Well think about this, this is a pipelined processor, a pipeline is
basically the same as an assembly line instead of one employee or
set of employees putting together a product like a car in one place
all the tools and parts have to weave around each other to get in
to that location where the car is.  Instead if you were to move the
car from station to station, each station performs one or a few
relatively simple tests, putting the tires on, mounting the doors,
etc.  The tools for that station and no others are in that station
and the supplies for that station are fed to that station faster than
the assembly line is moving, on average.  Well you can make the car
a little faster than keeping it stationary, but you can AVERAGE
significantly more cars over time.  It may take you an hour to build
one car from beginning to end, but the factor may pump out a new car
every so many seconds.  A processor pipeline is similar to that the
steps are broken out and performed per clock so that for linear code
the average is much faster than only operating on one instruction at
a time.

Processors like this do not have the old fashioned bus like the 8088/86
for example.  Where you sent out address and data if it is a write, you
asserted a write signal or a read signal and some enables, then the memory
responded the next clock cycle, the whole system was running at a speed
that did not exceepd what the processor nor the SRAM could do.  At some
point the thought of adding wait states, you could add slower ram or
peripherals that couldnt keep up all the time but let you try to keep
running, so some sort of wait scheme was added to allow a peripheral to
say please wait.  What we use now with the AMBA/AXI/AHB busses on ARMs
is a whole different strategy, it takes a few clock cycles even for
the simplest thing, the L1 cache is buried in the core and doesnt
necessarily need as many clocks as the edge of the core.  The AXI bus
will say I would like to do a read, it is an instruction fetch, here
is the address, here is how much data I want, and here is a transaction
id.  The ARM has the ability to keep multiple transactions in flight
it might perform a data read generated by code doing a data read then
the next cycle start an instruction fetch. Eventually the memory or
peripherals respond, and that feeds back into the AXI bus and the
tag associated is put on the return bus along with the data.  I mentioned
you specify the size.  The bus might be 64 bits wide or 32 bits wide
and the size is likely in units of 32 bits for a processor like this,
so in theory you can do a 1 word read, a 2 word read a 3 word read, etc
on up to probably a number like 8 words per read.  If you have a 64 bit
bus and depending on how it is designed, often it is based on 64 bit
width alignments, a two word read and a one word read might take the
same amount of time.  But two one word reads should take longer than
two one word reads aligned or not.  Busses like this once they have
the data ready they deliver it every clock cycle.  So an 8 word read
there is the opening clock cycles to ask for the transaction.  Then
some time passes as the data is located and/or gathered then when
it starts coming back it takes 4 clock cycles assuming aligned.  Had
it been 6 words, 64 bit aligned, then the difference between 6 and 8
is ideally one clock cycle.  But three or four 2 word transactions
should take longer you have the up front transaction handshake.

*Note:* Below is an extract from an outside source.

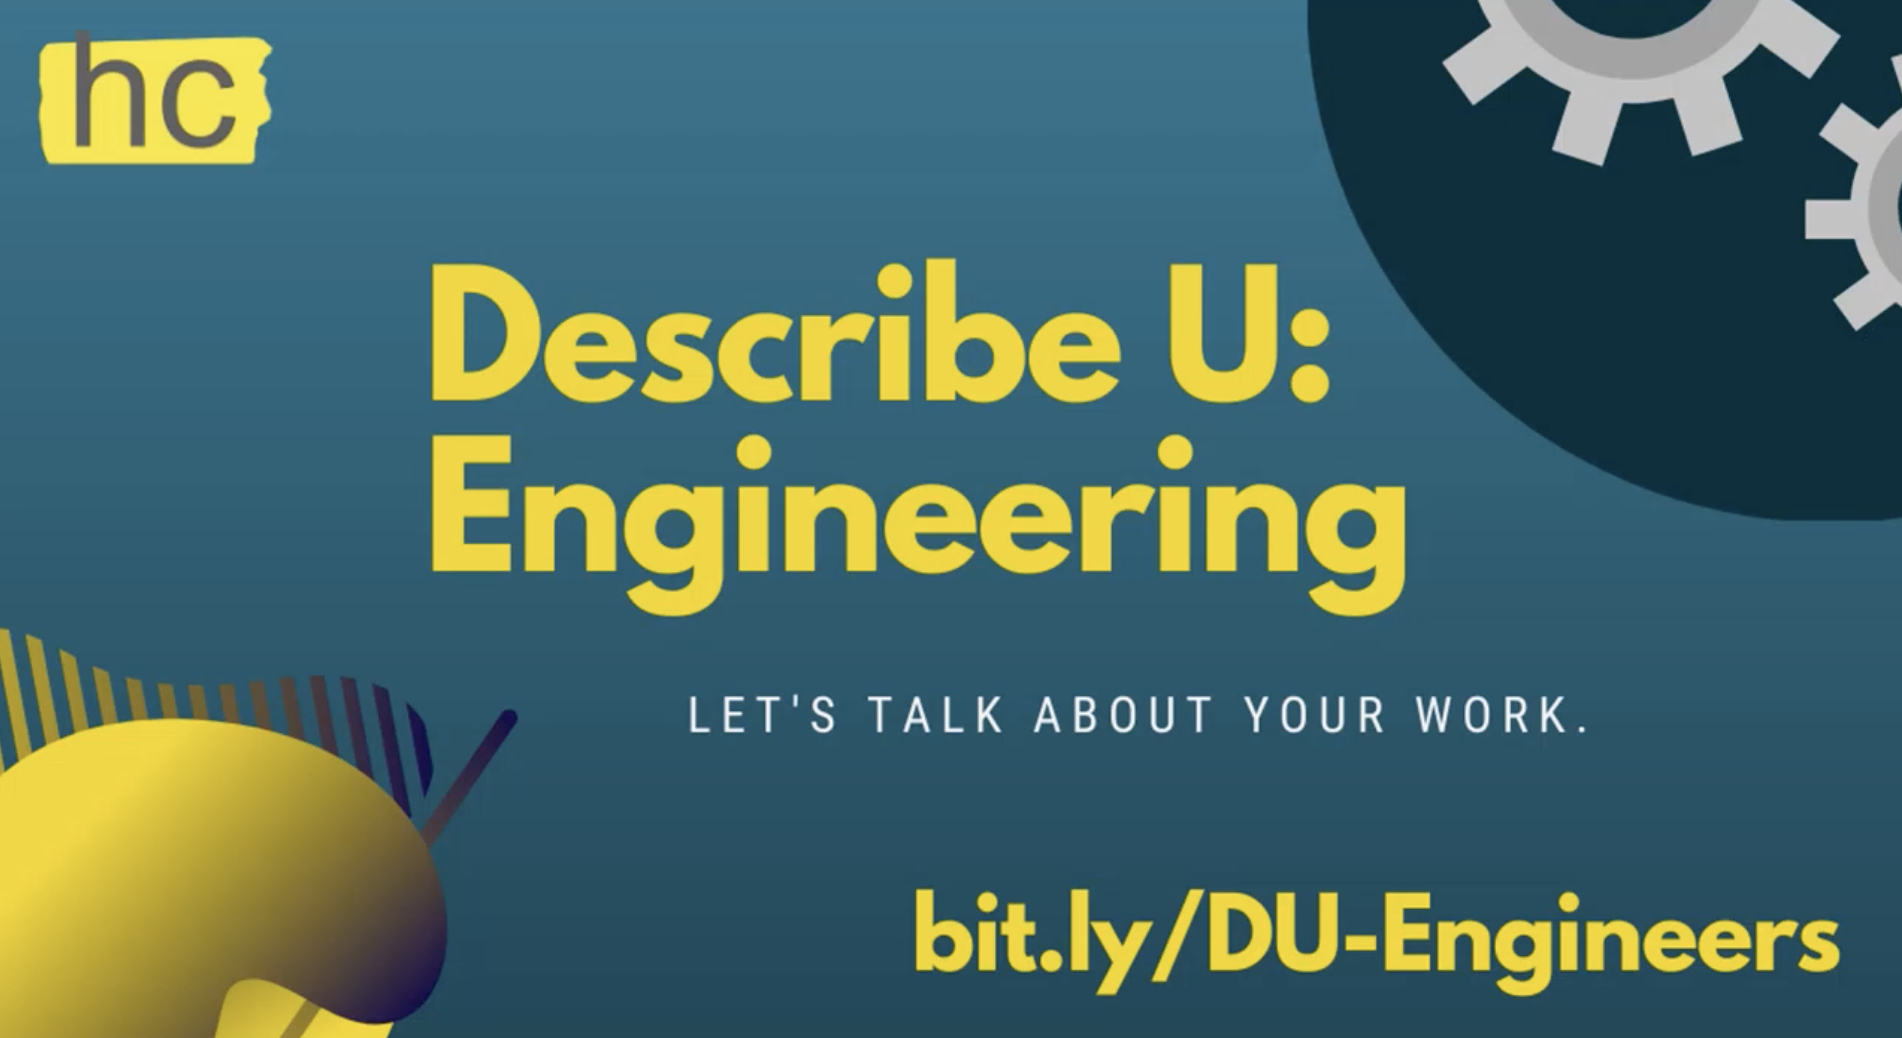 Describe You - Engineering
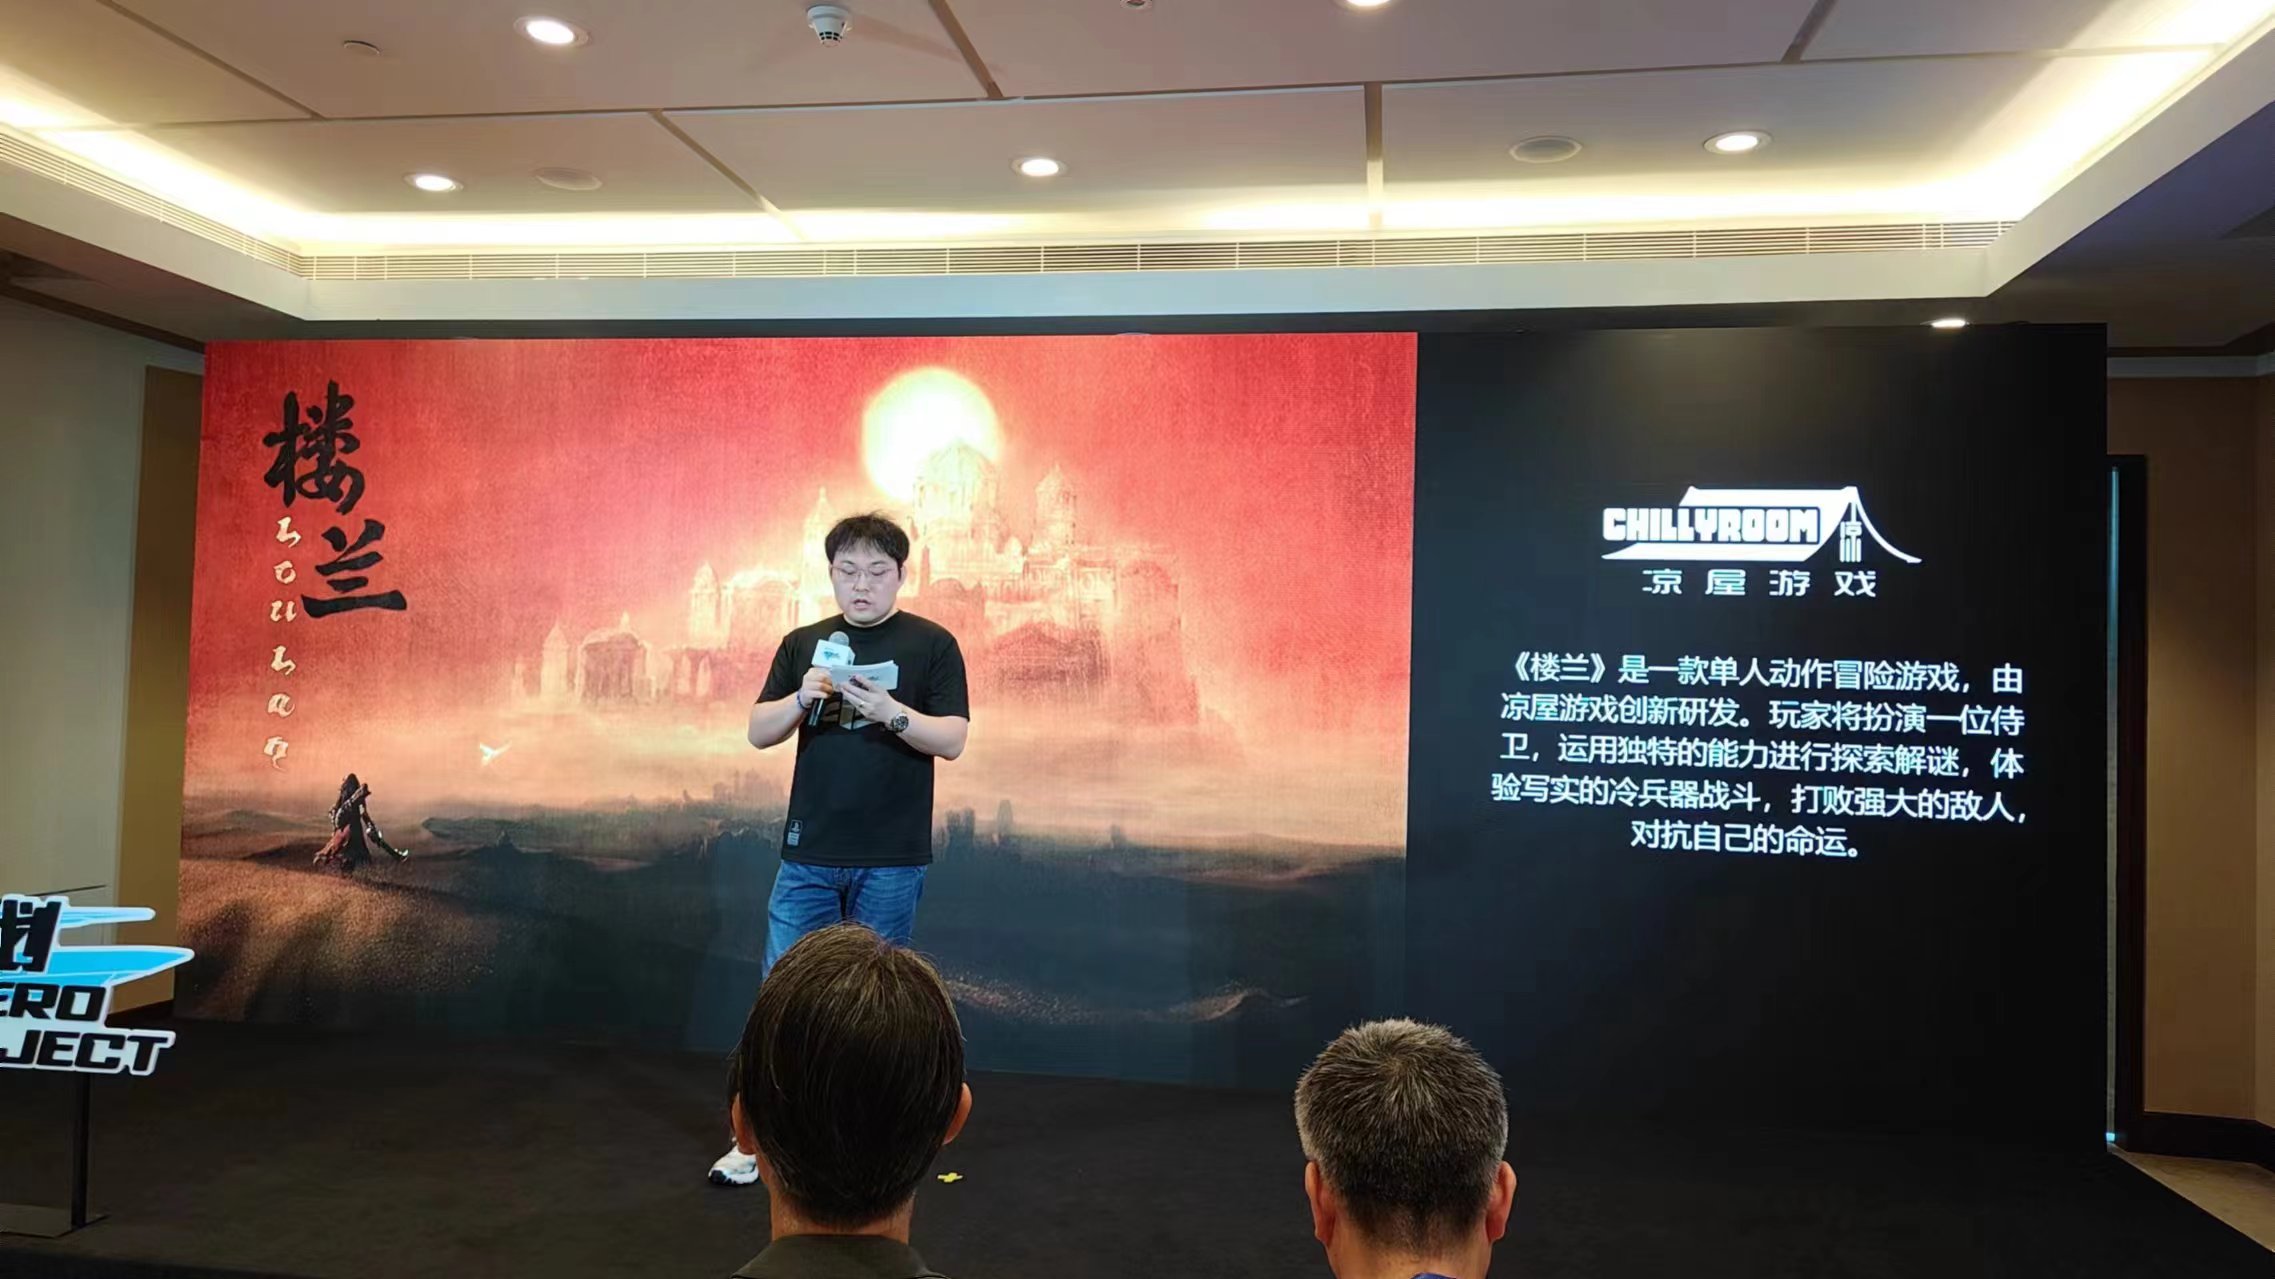 中国之星计划第三期发布会现场公布三款作品

So why bother to go through that?  Well the pipeline only works if we
can keep it fed with instructions.  So the pipeline is some depth
which can change from one core design/architecture to another and may
or may not be documented outside ARM.  And one would expect that the
logic fetches enough instructions to feed the pipe.  And one would
expect that fetches are transactions of multiple instructions, say
for example 4 words per fetch, and that is probably on 4 word aligned
boundaries.  So say we branch to address 0x1000, and lets pretend
there is a 6 deep pipeline.  One would expect the logic to bang out
two 4 word instruction fetches one at address 0x1000 and one at address
0x1010.  As those instructions roll in it starts to feed the pipe,
there would also need to be some storage to hold those 8 instructions
as they land, a cache or prefetch buffer or whatever you want to
call it.  Once we get through either 4 or maybe 6 of those instructions
and so far none of them being branches, one would expect the logic
to then do a 4 word fetch to keep the prefetch buffer or pipe full.
Once there is a branch then it starts all over, one or two immediate
fetches to start to fill the pipe up again.  One would expect that
even with two instructions in a loop, the logic would still need to
perform those two fetches per loop.  But since all of this happens
inside the chip we cant see it, without all the legal stuff to gain
access to an ARM core and the tools to simulate we are not going
to know for sure what is going on.  Stealing from the term cache line
I like to call these fetches fetch lines.  Just like the situation
where you have even a two instruction loop that lands on the last and
first words of a cache line you would need to read two cache lines to
cover the fetching of those two instructions where earlier in first
cache line only one cache line read is needed.  We should be able to
see situations where we hit that two cache line boundary and likewise
we whould be able to see the effects of fetch lines and where the
branches land, sometimes needing to fetch an extra fetch line.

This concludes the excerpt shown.